# New S&W. Need info please??



## hemmigremmie (Jan 23, 2008)

Hey All.
Traded my charter arms undercover .38 today for a smith n wesson .38. Trying to figure out what model number and what type of deal I got on this.

It says smith n wesson on one side and .38 S&W special ctg on the other. Its dbl action with wood grips and a 4 inch barrell. 4 inches from tip to cylinder.

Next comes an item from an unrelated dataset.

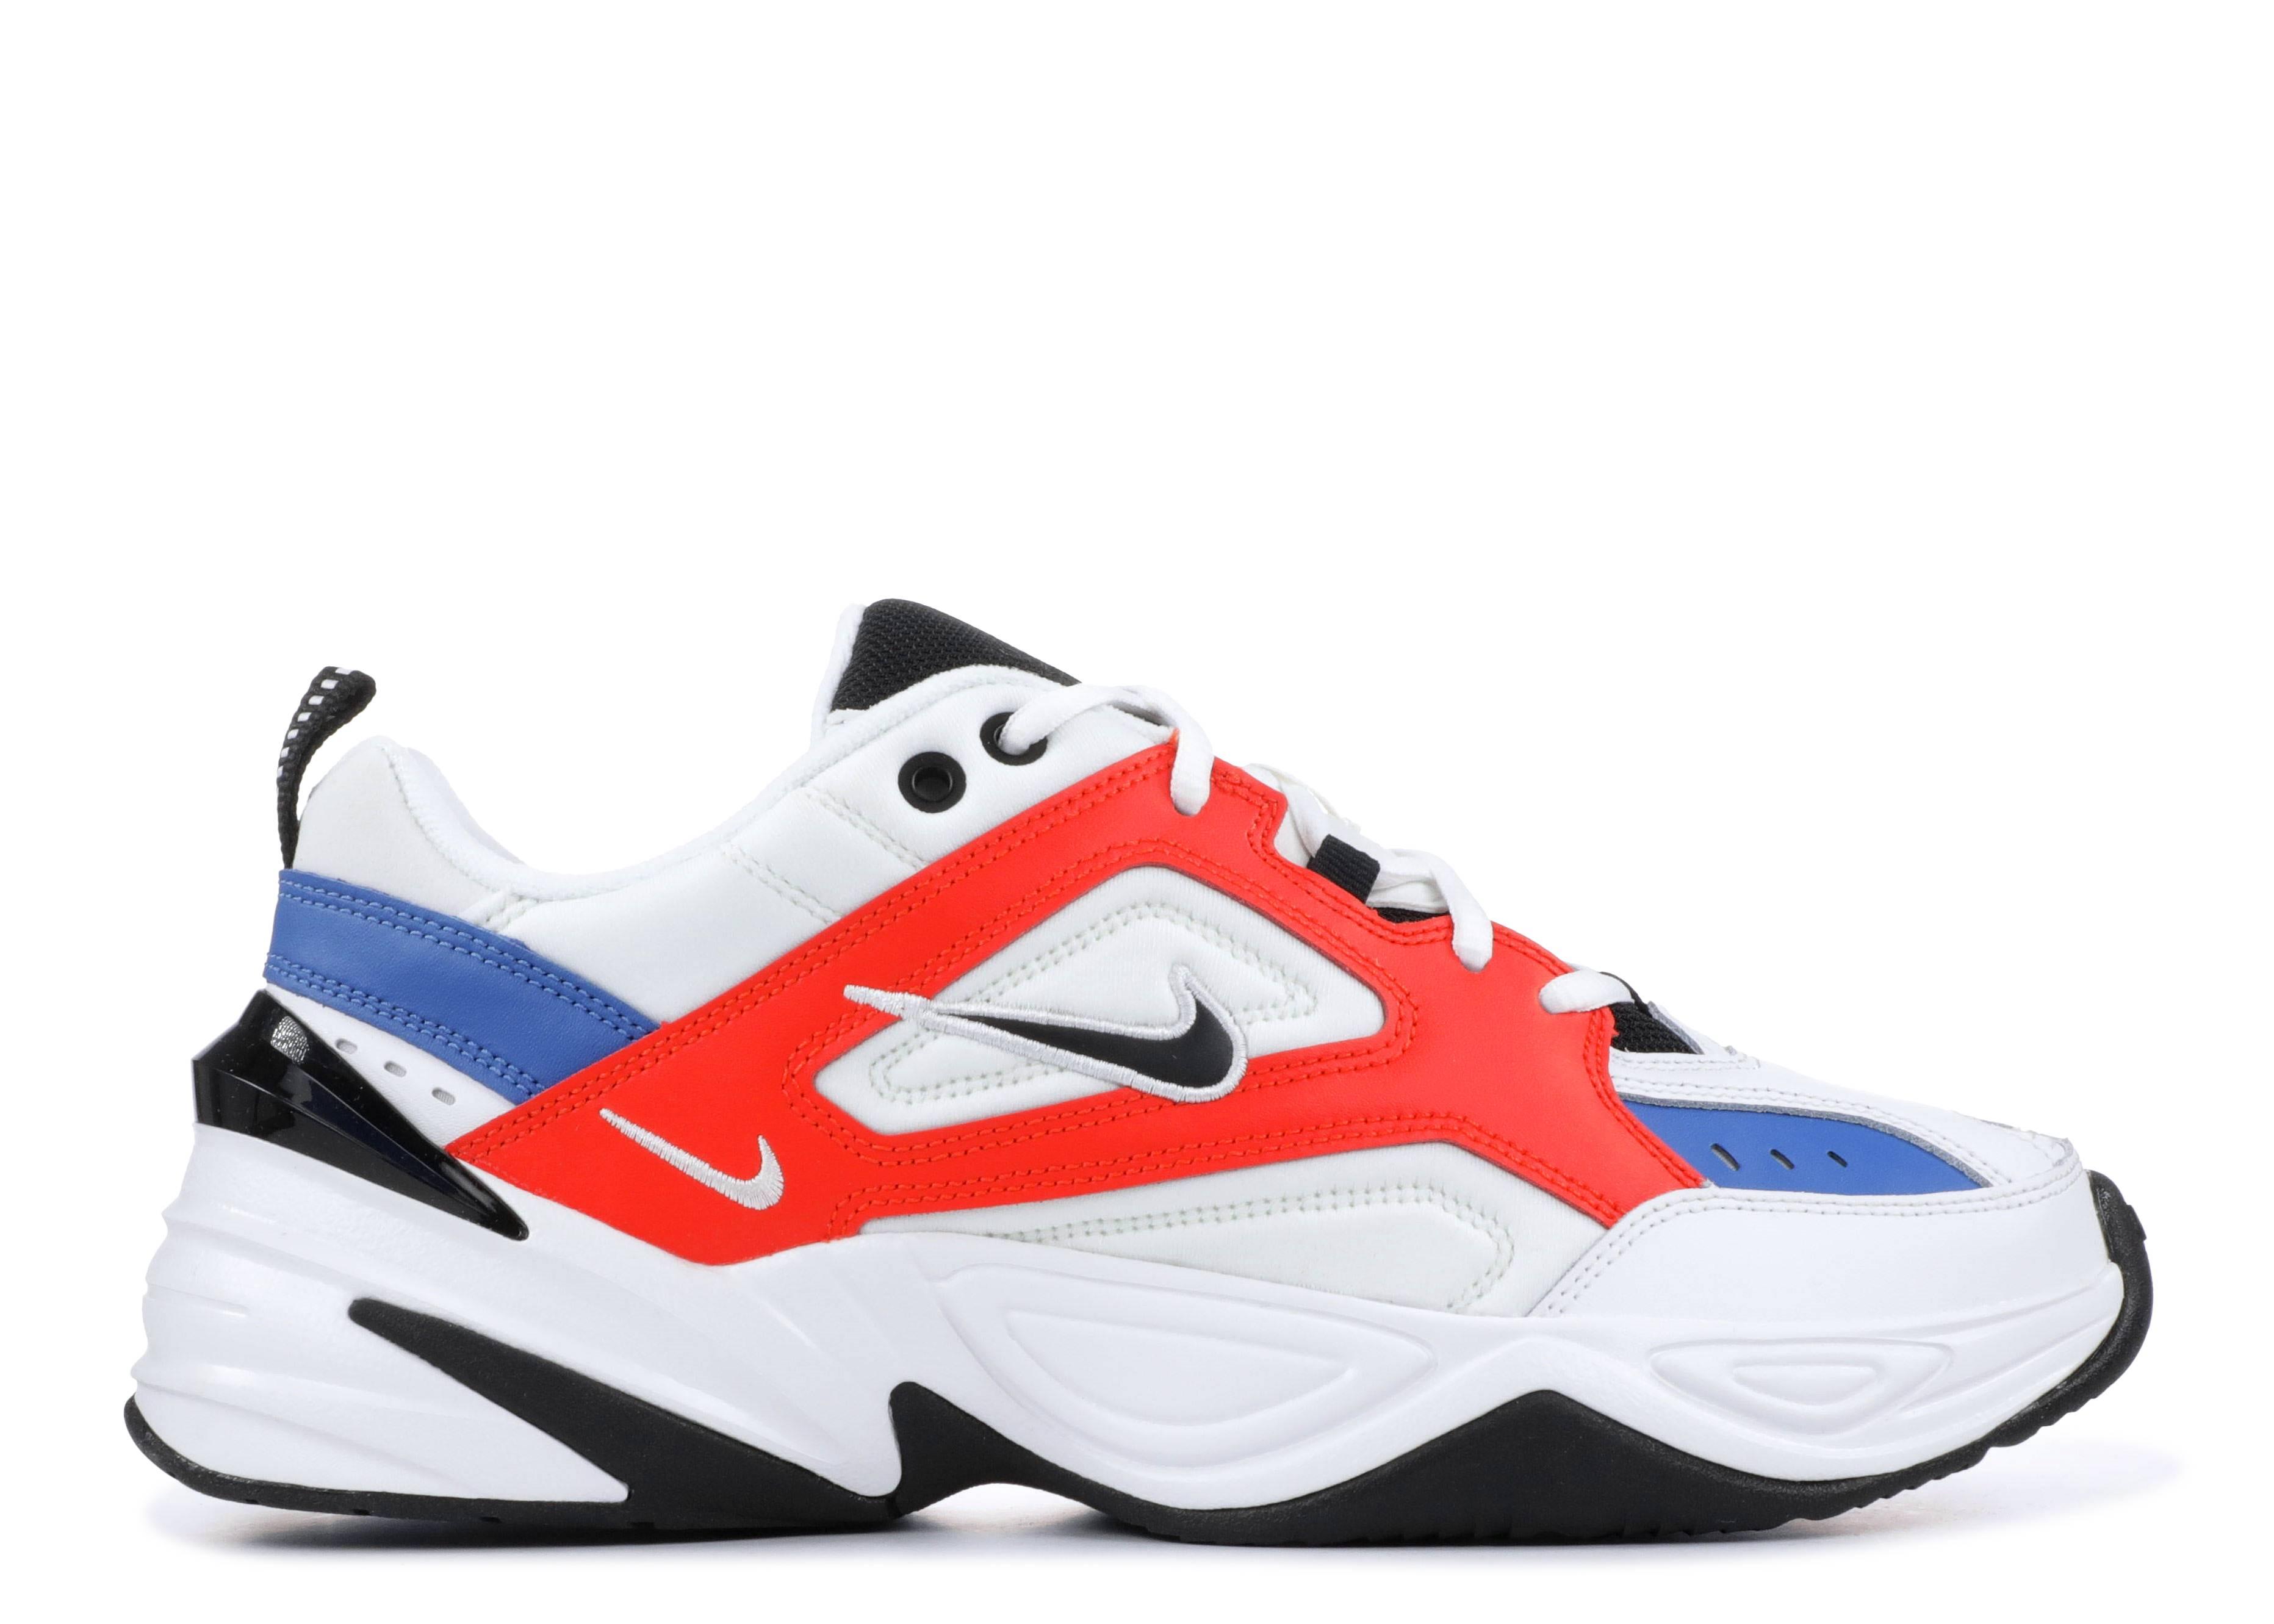 official photos e7744 740a8 Nike M2k Tekno - Nike - av4789 100 - summit white black-team orange ...

Just wanting a little info. Tnx, HG


----------



## Sully2 (Mar 9, 2010)

If you open the cylinder and look at the frame itself.....where the ejector rod hides in the frame in front of the cylinder.....it will tell you the model number that you can lookup


----------



## bruce333 (Sep 1, 2006)




----------



## hemmigremmie (Jan 23, 2008)

Ok. Tnx guys. It says mod. 65-5 I found a 64 but no 64-5??? Any ideas? Tnx, HG


----------



## Sully2 (Mar 9, 2010)

Here's SOME info about them...http://lonelymachines.org/2010/04/01/sw-model-65/


----------



## hemmigremmie (Jan 23, 2008)

Any idea wat a very good condition one will sell for?


----------



## Vom Kriege (May 5, 2006)

A 64 will be .38sp. A 65 will be .357/.38. They are virtually the same gun and are the stainless versions of the models 10 and 13 respectively.


----------